Your reply should reproduce all the data below exactly while excluding the pictures.

DATASET SECTION:
--- START ---

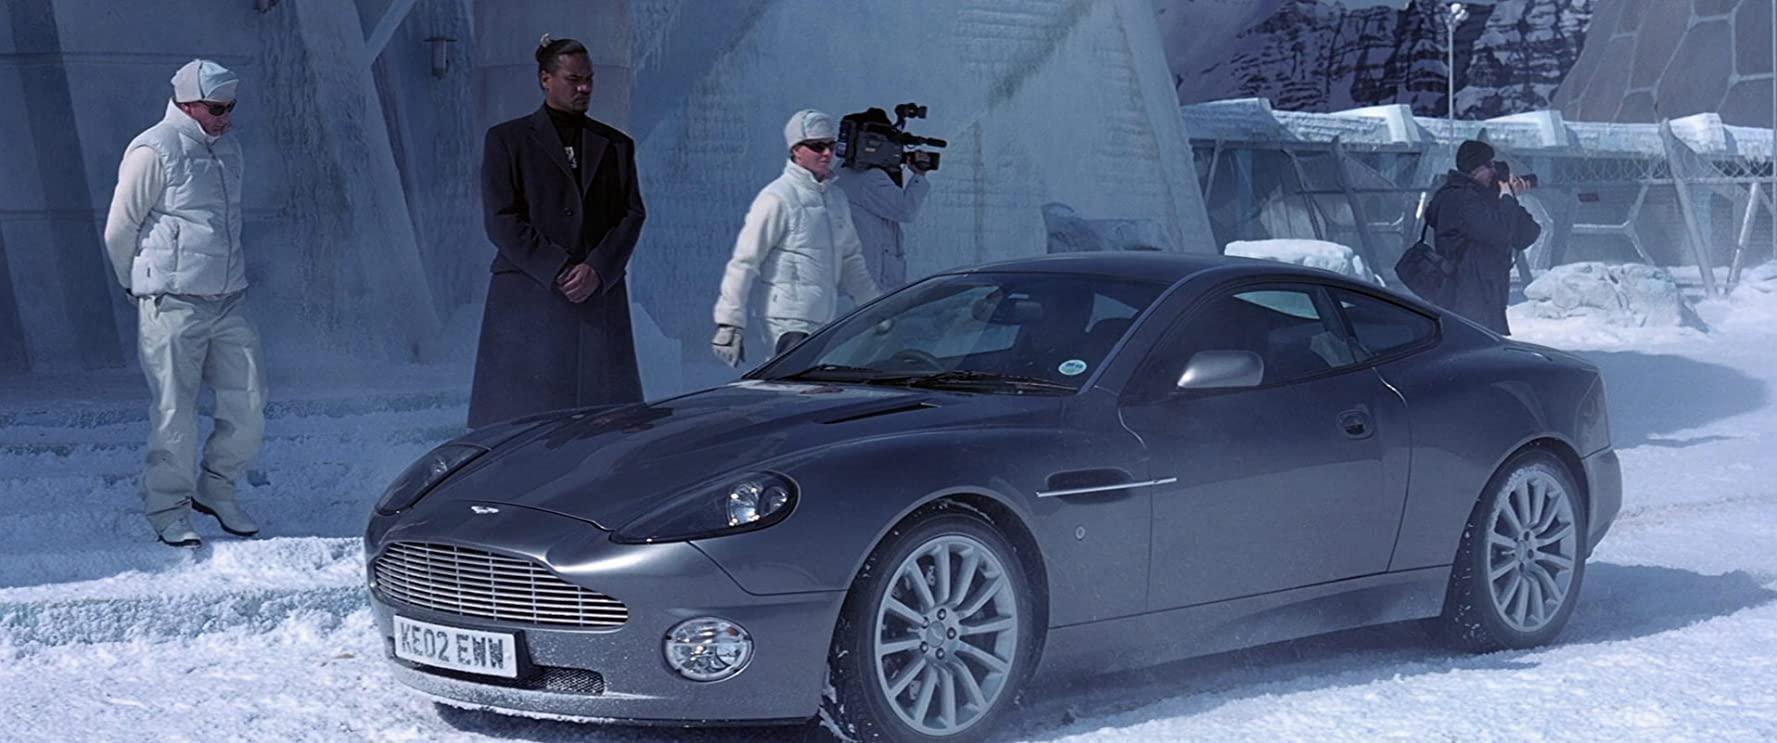 Aston Martin Didn T Want To Let Pierce Brosnan Keep The James Bond V12 Vanquish Autoevolution
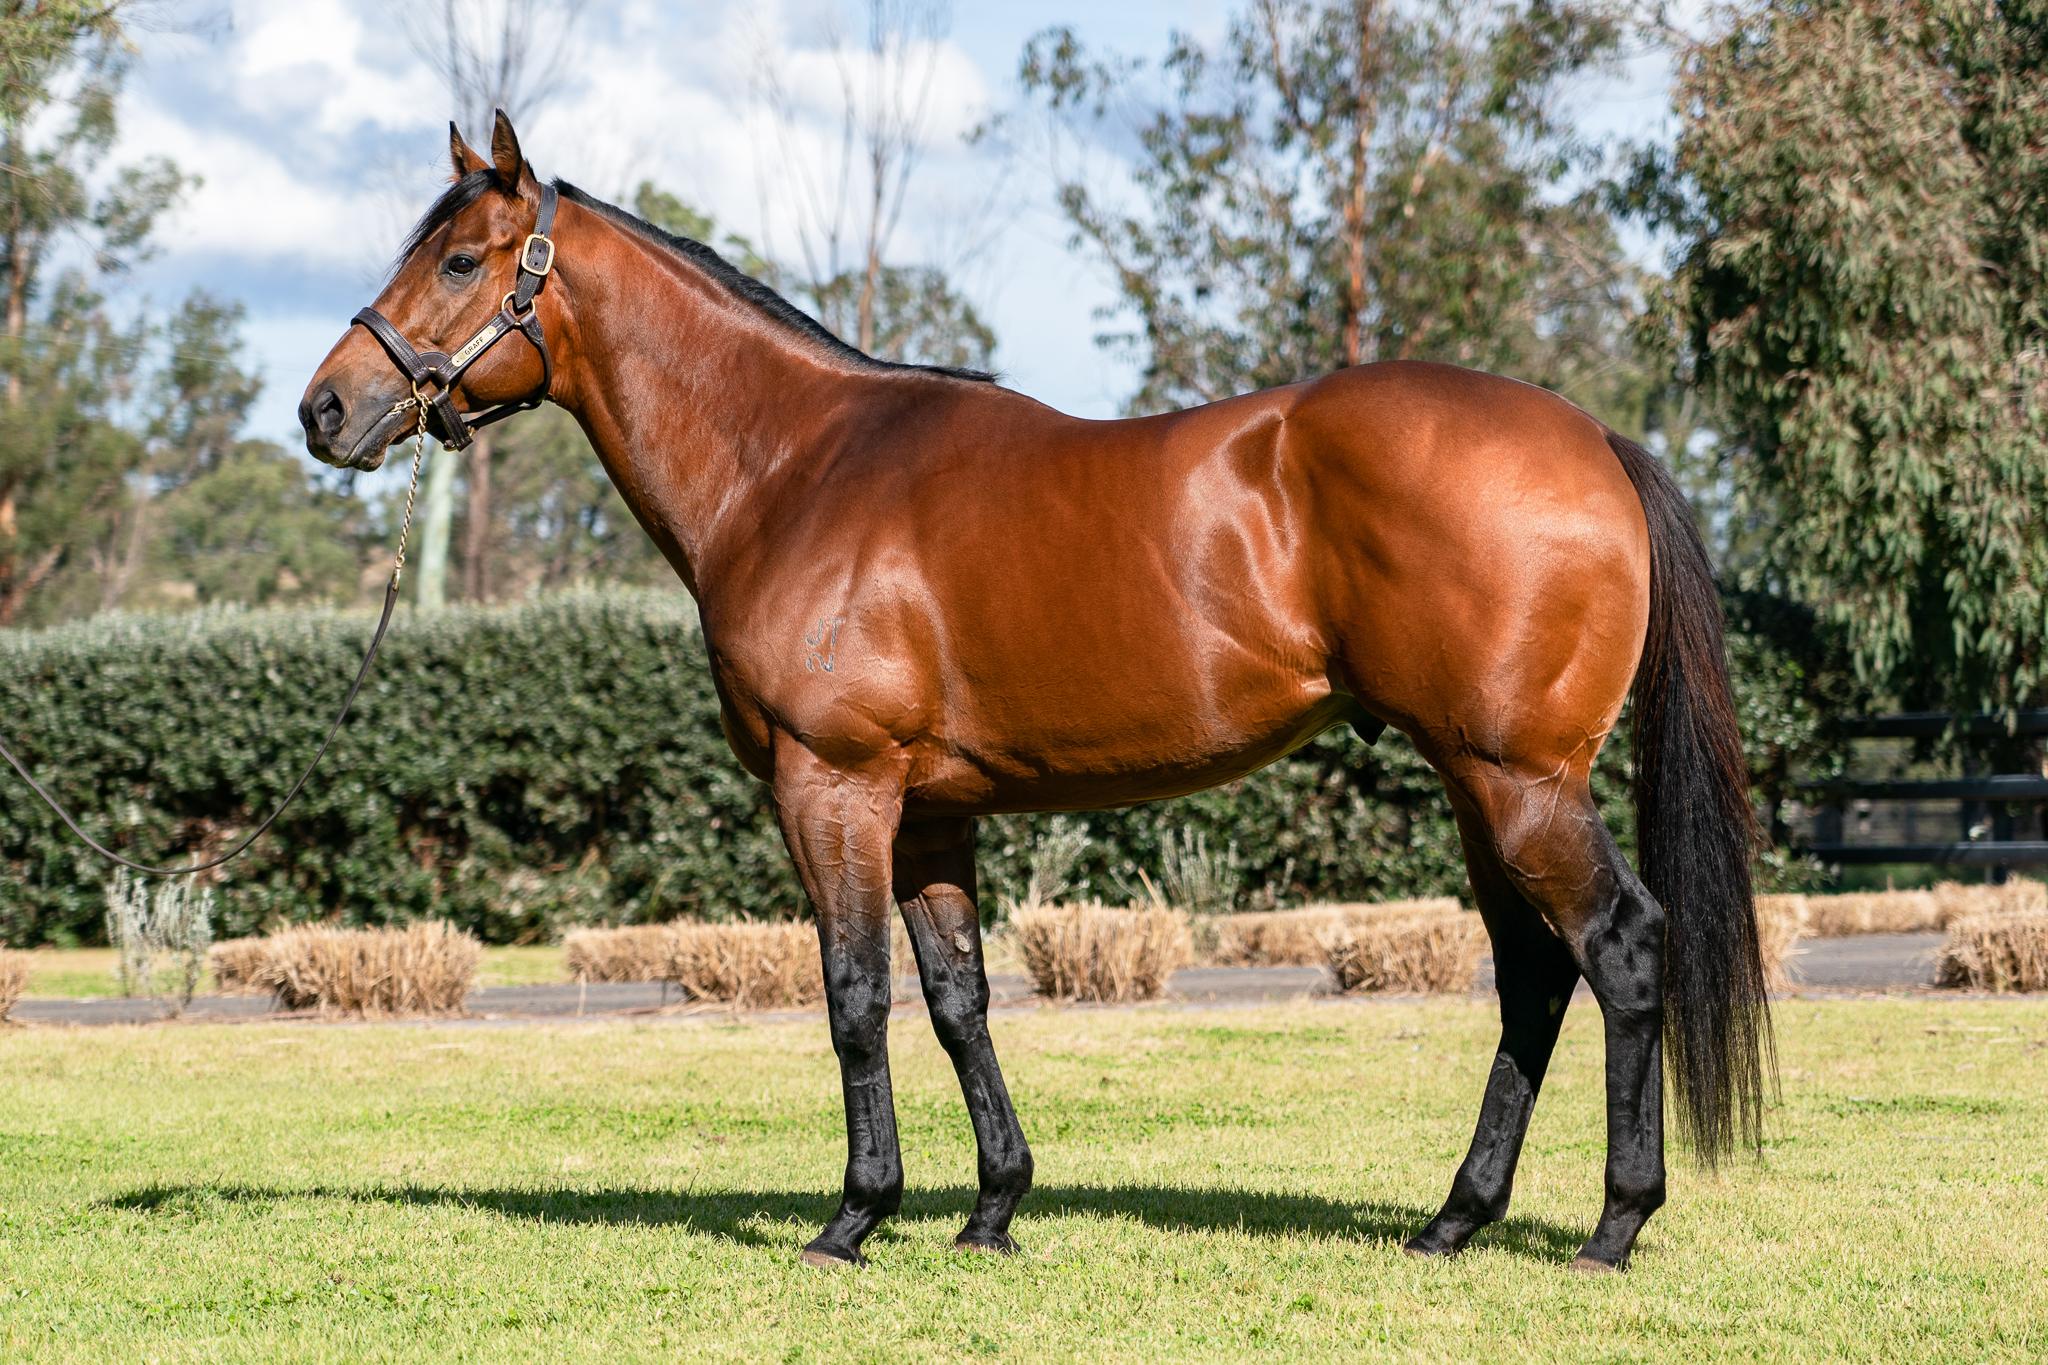 https://www.stallions.com.au/wp-content/uploads/2021/08/Graff-Conformation-1.jpg
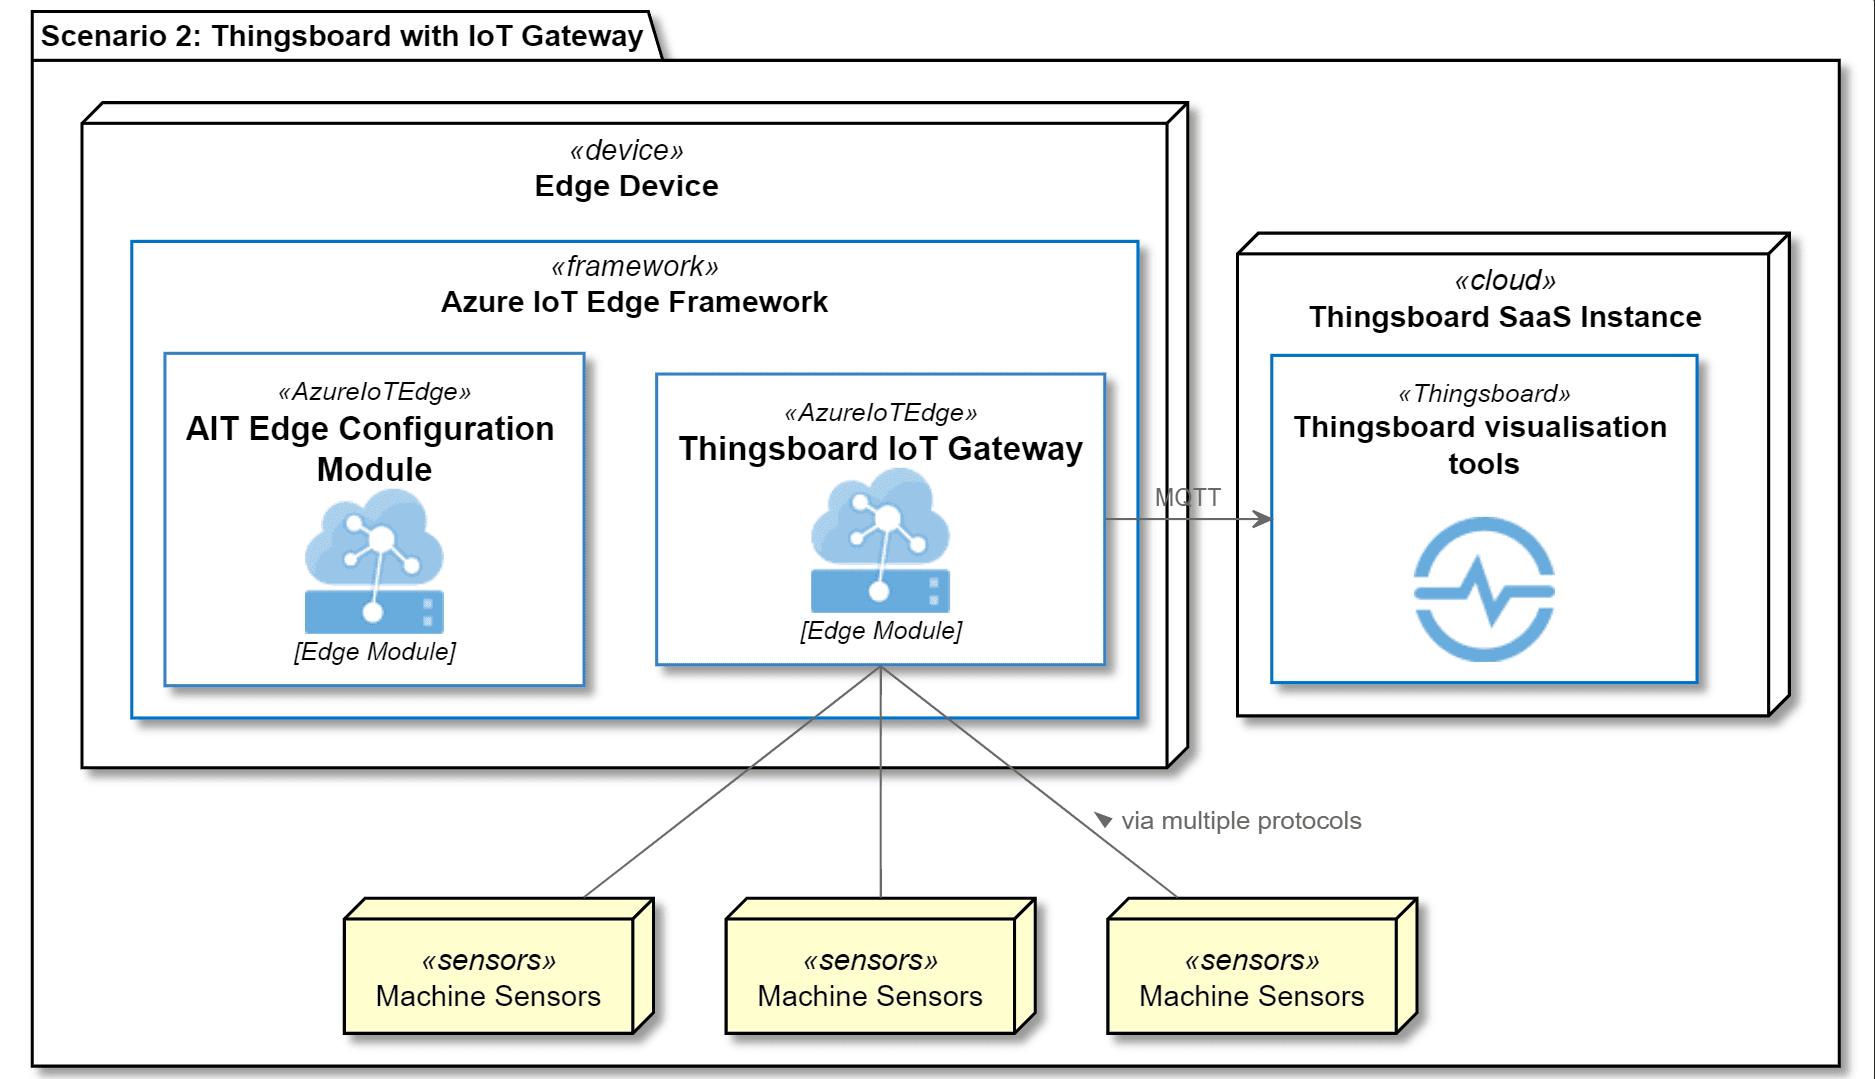 Szenario 2: Nutzung des Thingsboard IoT Gateways

--- END ---

SOLUTION TO THIS PROBLEM:
 Aston Martin Didn T Want To Let Pierce Brosnan Keep The James Bond V12 Vanquish Autoevolution
 https://www.stallions.com.au/wp-content/uploads/2021/08/Graff-Conformation-1.jpg
 Szenario 2: Nutzung des Thingsboard IoT Gateways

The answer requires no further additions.